You don’t need to rebuild RIO or EMIS or PACS to make a difference. You don’t have to know how every health app works to be helpful to your patients (a good thing too, because there are over 318,000 of them, according to recent data). Building out your digital skills could be something as small as starting an online journal club with OTs from different trusts who share your passion or special interest area, or doing a bit of research on whether you’d like to trial a certain app in your service. Even though the NHS is stretched, we are lucky to be working in a time when entrepreneurship is encouraged, and digital tools are available freely on the internet. The NHS has a specific training program for entrepreneurs and the National Institute for Health Research offers flexible fellowships and funding opportunities. Many free online courses for programming, data science, data visualisation, UI/UX (user interaction/user experience design) and more can be found via Coursera, Udemy, Khan Academy, and others.

Building the future of OT

As Fleming and Mattingly famously said: “therapists think in more than one way” and one of the super powers of the OT has always been, in my opinion, the ability to draw multiple, often quite disparate, strands of experience and knowledge together to inform their decisions and practice. By growing your digital skillset — either your understanding of tech or your ability to implement it — you become an OT primed and ready for the brave new world of health and social care. No one really knows what it will look like yet, but this is a chance to help construct it.

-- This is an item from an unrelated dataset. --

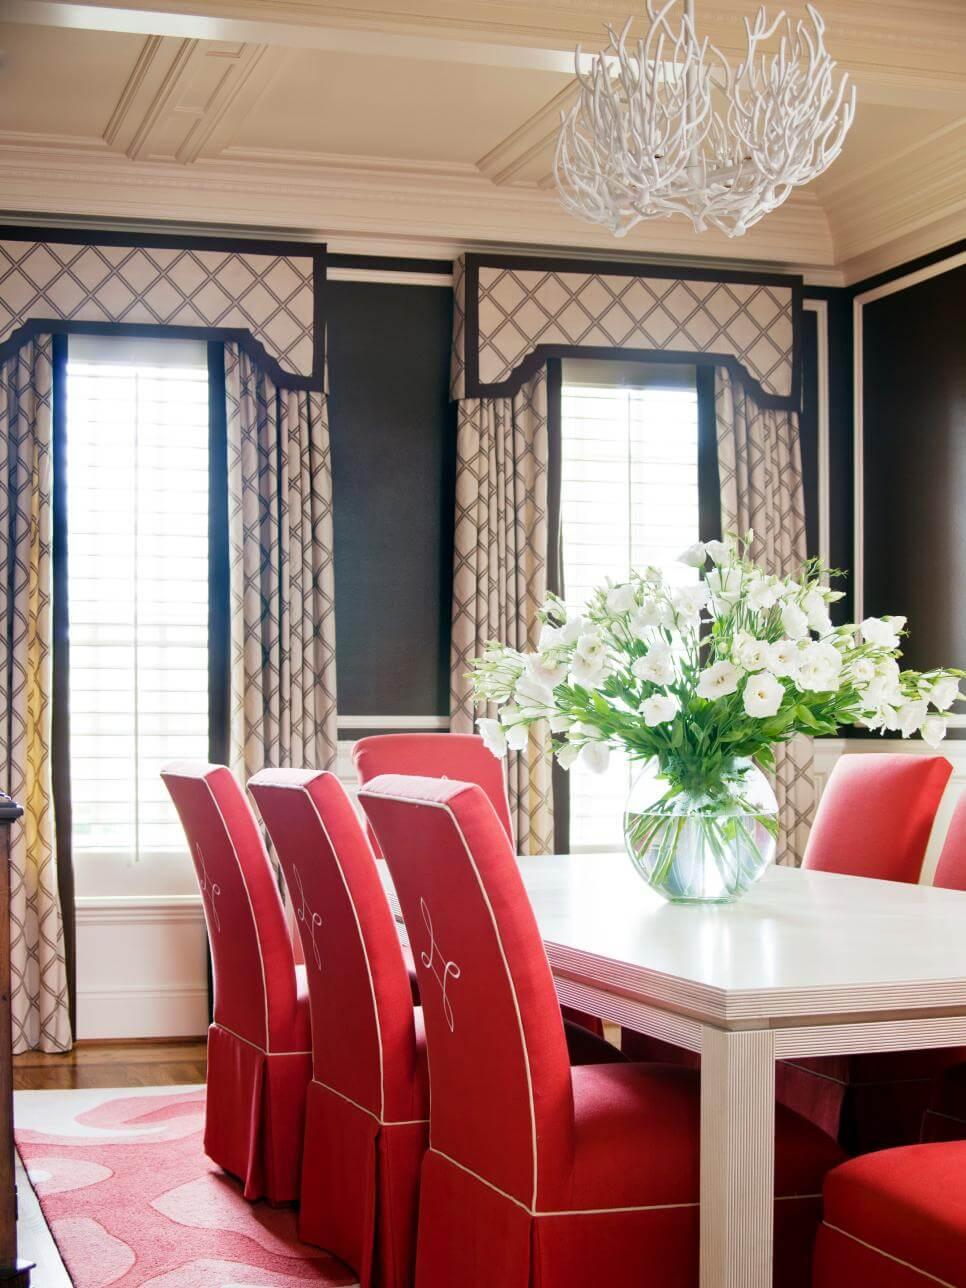 Original_Preppy-Style-Tobi-Fairley-Dining-Room_s3x4.jpg.rend_.hgtvcom.966.1288.jpeg

In my opinion, building personal skills in the tech domain is something OTs should take into their own hands (bottom up approach), at least to begin with, rather than waiting for professional bodies to encourage it (top down approach). This is for two reasons. The first is that, though the Royal College of Occupational Therapists is positive about technology being at the heart of innovation in OT, pushing for systemic change in how a profession operates is not an easy or quick process. Despite some parts of health being very well funded, it’s still early days for tech in allied health professions. The second reason is I’d love to see people grow skills and ideas that they are passionate about — as we all know, meaning is at the heart of engagement.

If you’d like advice or just a friendly hello, I can be reached on LinkedIn, Twitter, and email.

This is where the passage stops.